Me inclinaría a pensar que la vida no puede desvincularse jamás de lo que hacemos de manera cotidiana. Dormir, levantarnos, ir al trabajo, volver a casa, compartir en familia sería lo habitual. Hacer un viaje, celebrar una reunión o ver una película, tendría que ser lo que ocupase nuestro tiempo libre. Y las cosas que suelen ocurrirnos tampoco deberían desviarse de lo que ordinariamente sucede, podríamos ser objeto de un accidente, un robo, quizás víctimas de un fenómeno natural, incluso, nacer parapléjicos, con una anormalidad, minusvalía o discapacidad (como se han dado a llamarlo los defensores del tema), pero nunca debería ser algo distinto a lo que ocurre normalmente. Pero, los hechos que pretendo narrar echan por el suelo tales posiciones. Algunos de nosotros, quizás una porción mínima, estamos destinados a tener experiencias que escapan a los criterios de lo habitual o, tal vez, de la normalidad por decirlo de otra manera. Tal vez sea menester mencionar aquí a quienes tienen facultades psíquicas (si realmente las tienen), aquellos que dicen ver espíritus o cosas del más allá (asuntos que considero más bien del género sensacionalista y peliculesco), todos ellos comparten algo en común: han recibido un tratamiento distinto de la vida.

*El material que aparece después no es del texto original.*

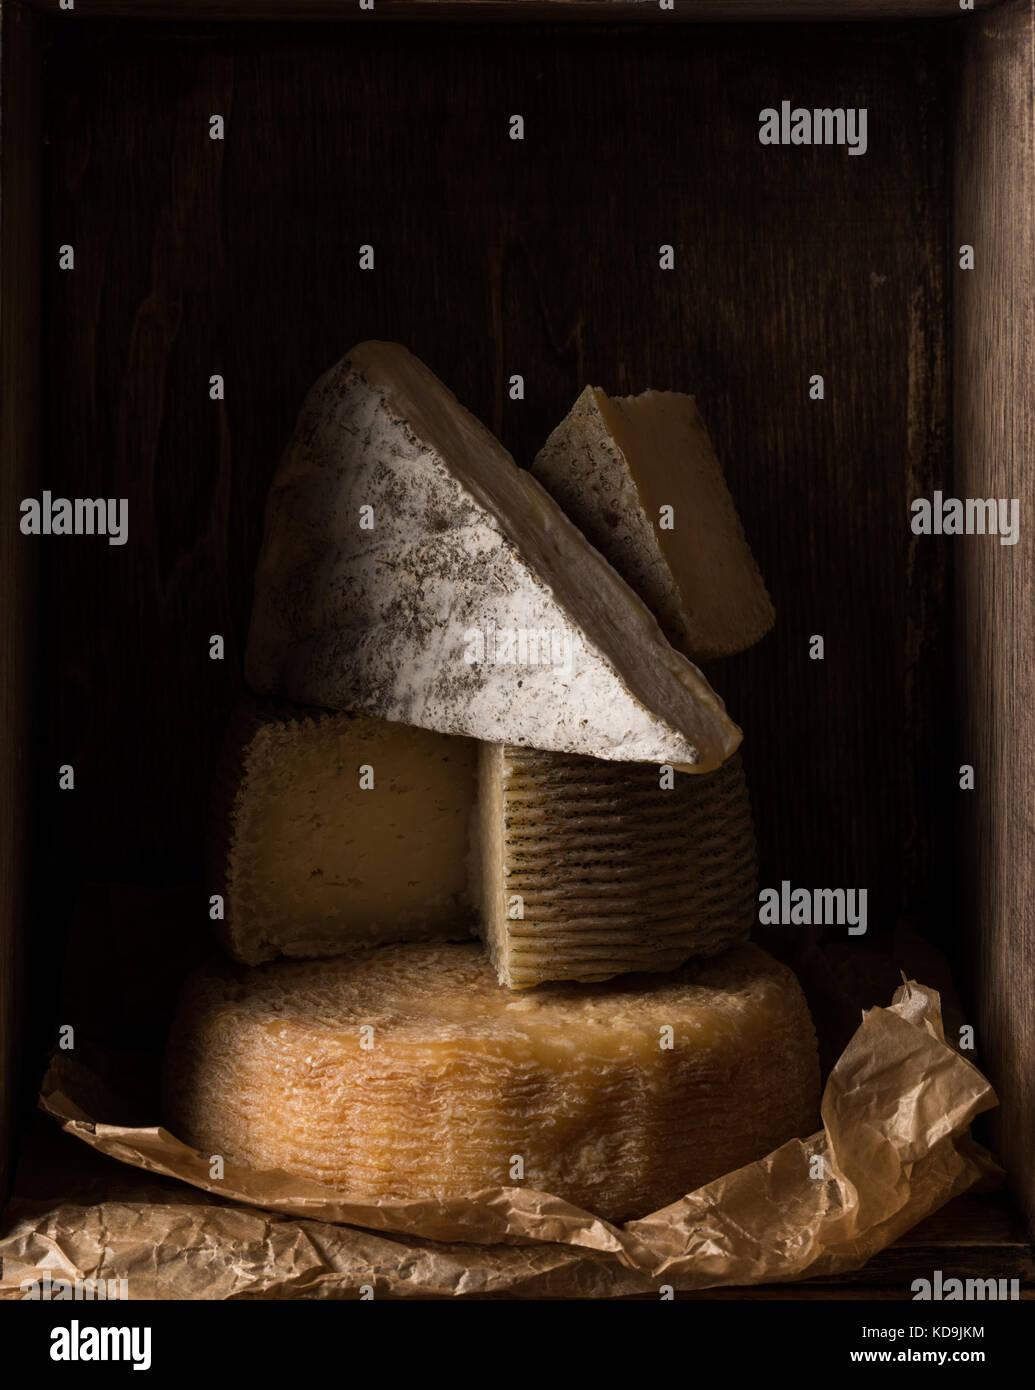 Caja de madera con diferentes tipos de queso inicio Foto de stock

Pero no les estoy haciendo leer estas líneas para hablarles de experiencias sobrenaturales, ni de alguna familia perseguida por un maligno espíritu como en esos programas que se han puesto muy en boga en Discovery u otros canales de cable. Mi historia difiere de todo eso. No saben cuánto me gustaría que entre quienes la lean hubiese alguien que haya tenido una experiencia semejante, y que entre ustedes, quienes me han ofrecido su hospitalidad al prestarme cobijo del frio inclemente que entumece mis manos, dificultando mi escritura y que ahora me miran con ojos incrédulos, existiese la suficiente capacidad de comprensión. Pero me haría falsas expectativas. Ya mi amada esposa, a quien conocí a raíz de uno de los hechos que voy a contarles, y a quien el Creador apartó de mi lado dejándome solo con mi senilidad, la reuma, los problemas del corazón y otros achaques que acometen la frágil salud de los ancianos, me advirtió que tal cosa era poco factible y se encargó de impedir que hablara de ello. No deseaba que me estigmatizaran, que me consideraran un bicho raro o un espécimen digno de exámenes de laboratorio. ¡Cielos, cuanto la extraño! Sé que estoy faltando a mi palabra al contarles esto, pero ¿qué más puede esperar un viejo, ya de que le tomen las medidas para el cajón y que sea una mera razón para que el enterrador use su pala? Sin embargo, pretendo aprovechar mi lucidez, que si en algo se mantiene inalterable es en lo que ahora me ocupa ¿Cómo olvidar hechos tan extraños e inexplicables? Es probable que me pase por alto algún detalle, pero estoy seguro de que las palabras que ocuparán estas páginas serán suficientes para darles a conocer los asombrosos fenómenos que han aquejado mi vida.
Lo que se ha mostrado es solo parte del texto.